--- Excerpted data ---

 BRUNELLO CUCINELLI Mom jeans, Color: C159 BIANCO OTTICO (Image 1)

---
--- Excerpted data ---

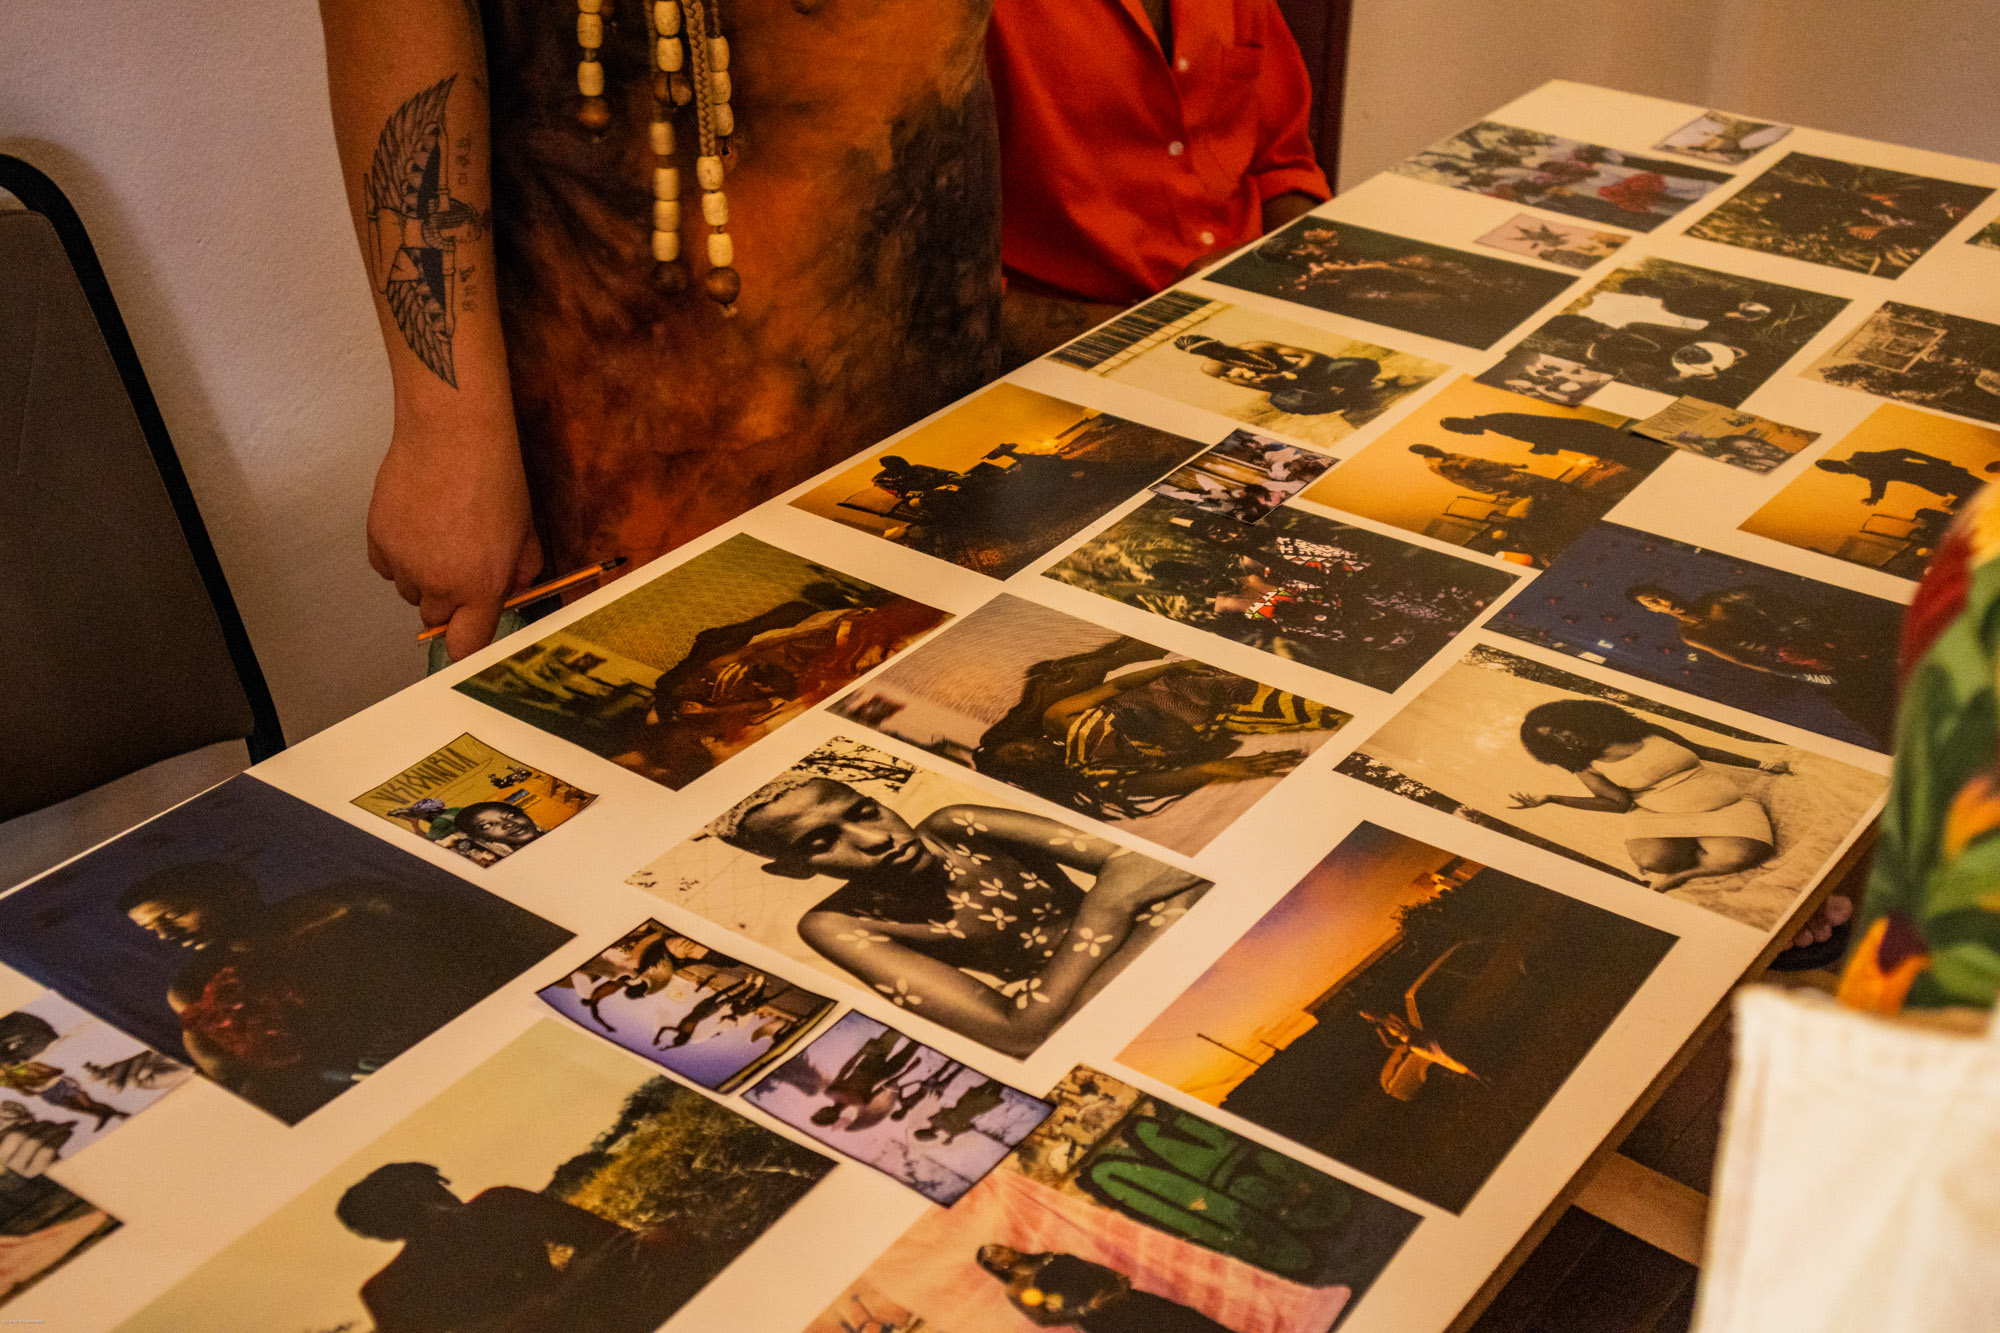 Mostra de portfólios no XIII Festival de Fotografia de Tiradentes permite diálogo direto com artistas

---
--- Excerpted data ---

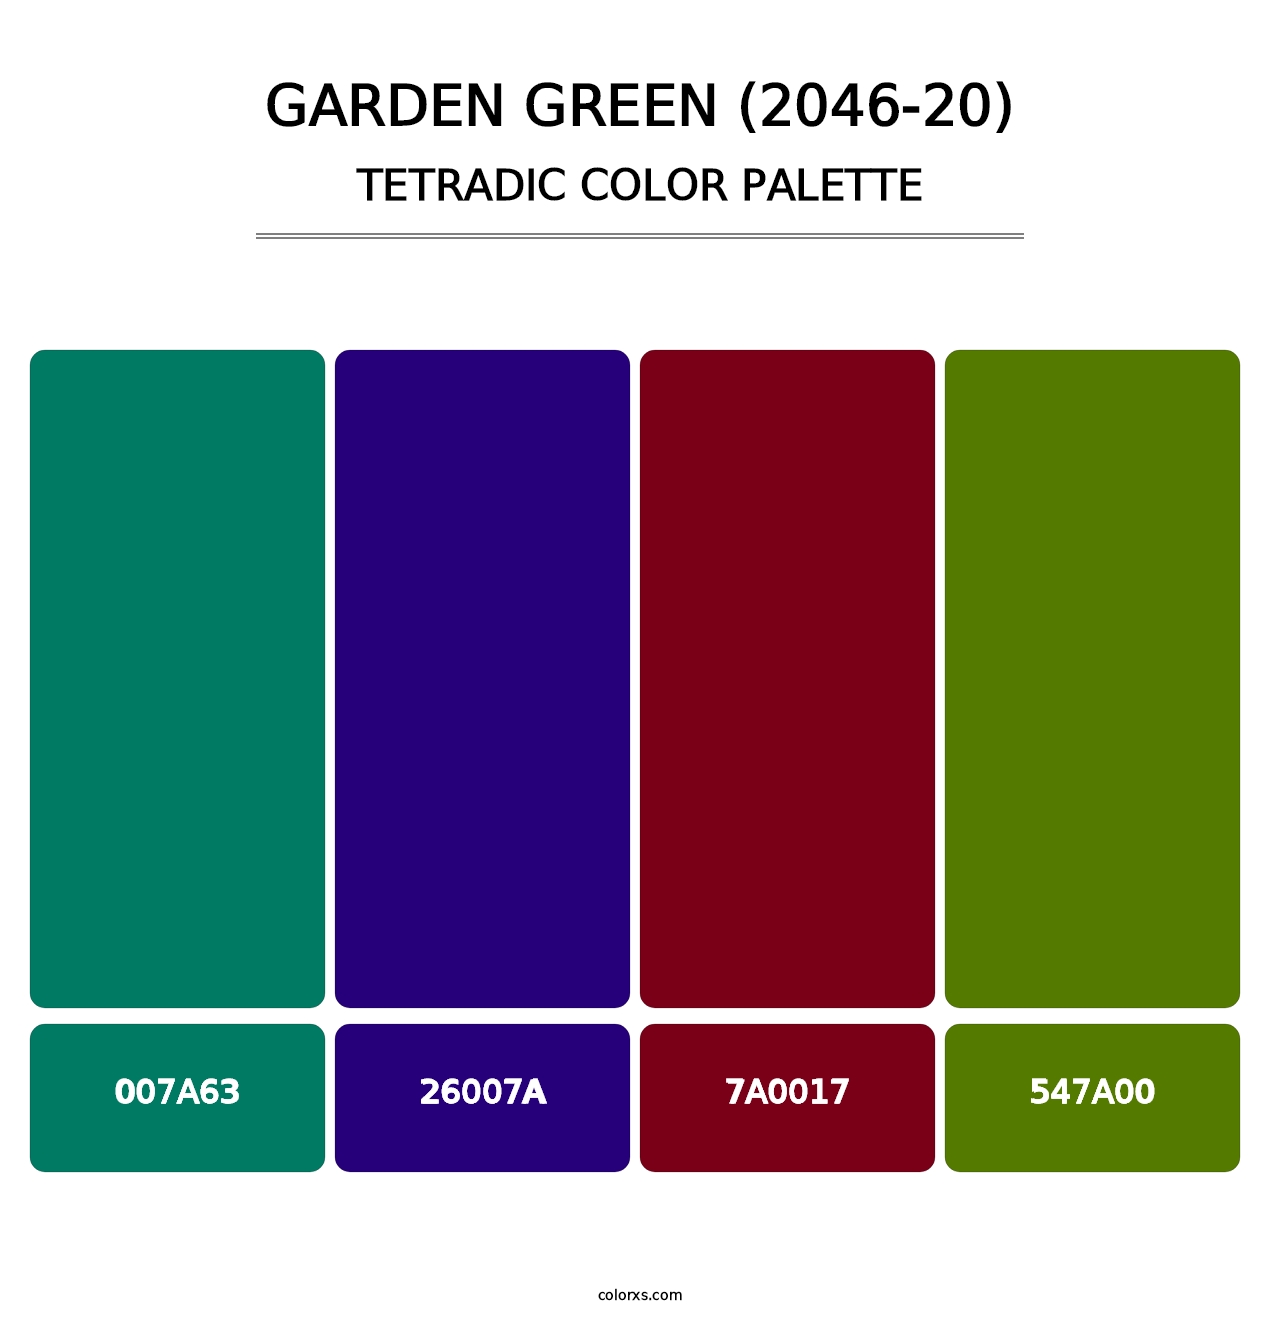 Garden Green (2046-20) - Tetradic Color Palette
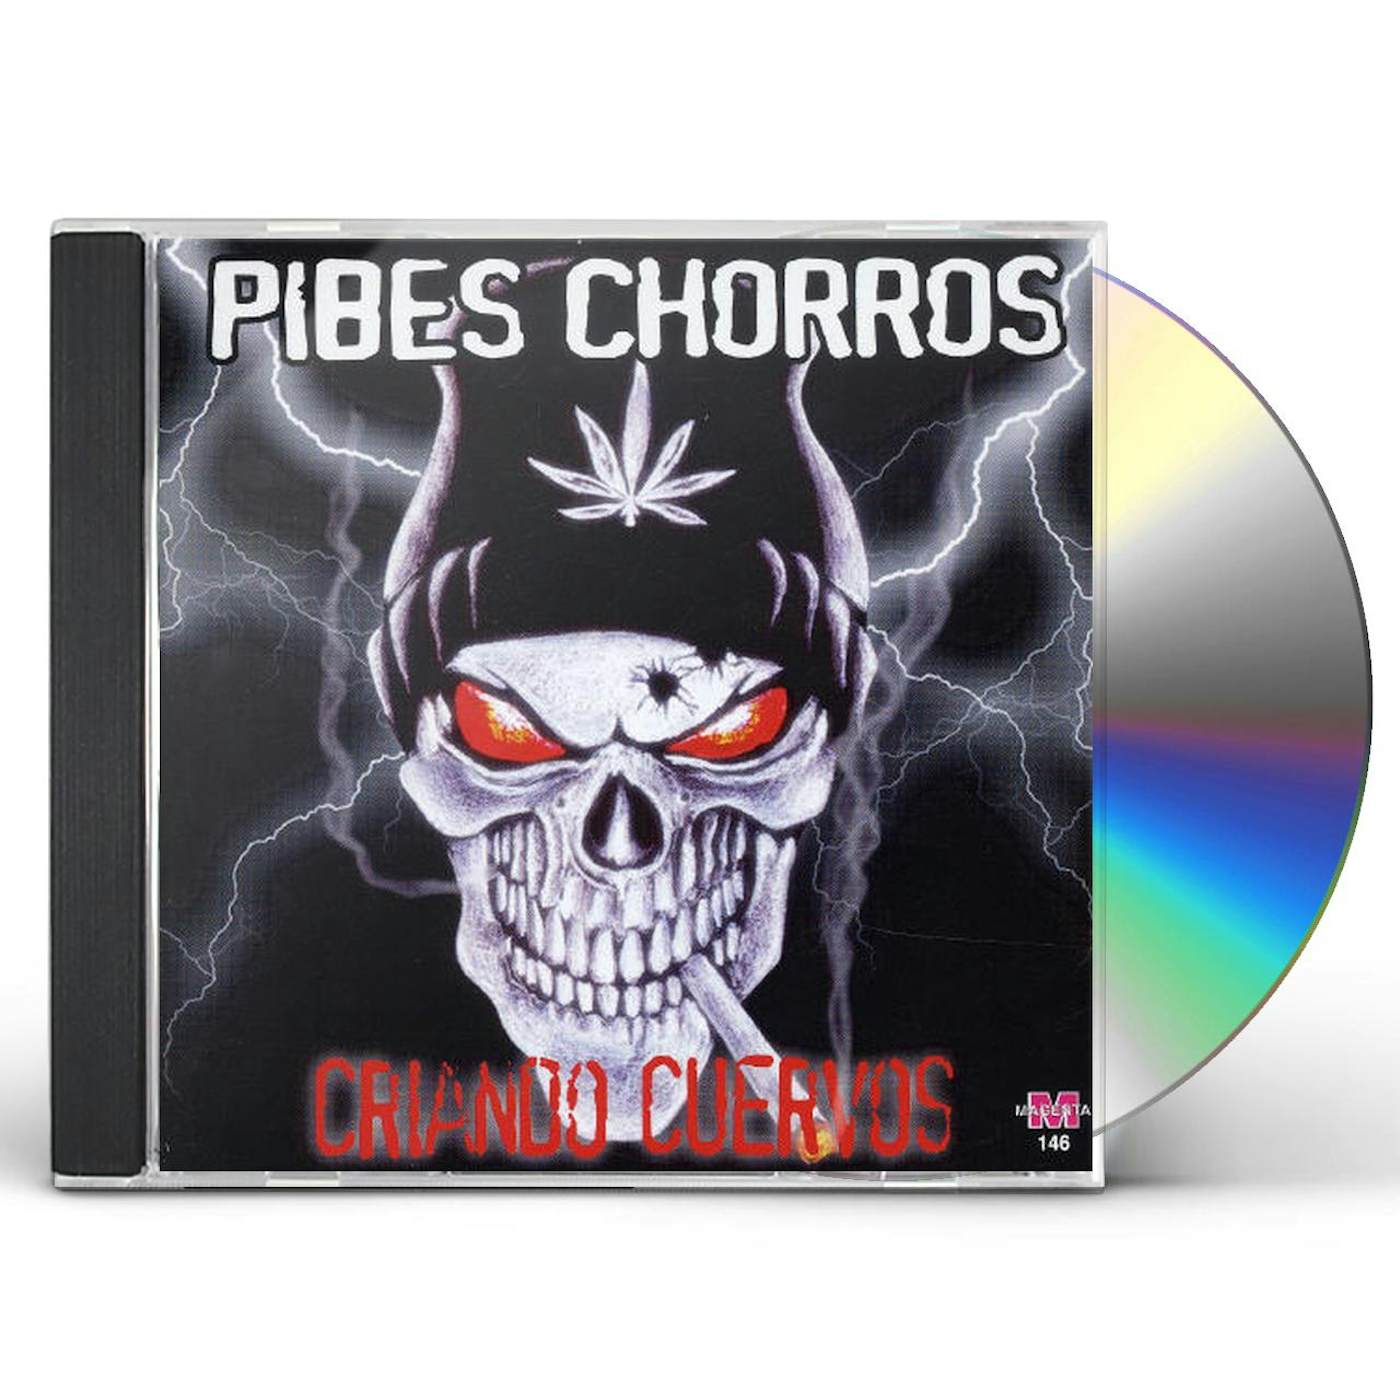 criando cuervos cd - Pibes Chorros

---

Every line above in the stretch from the one with "Garden Green (2046-20)" through the one with "criando cuervos cd - Pibes Chorros" is to be transcribed exactly, ends included. No picture is copied.

• **Finished task**
 Garden Green (2046-20) - Tetradic Color Palette
 criando cuervos cd - Pibes Chorros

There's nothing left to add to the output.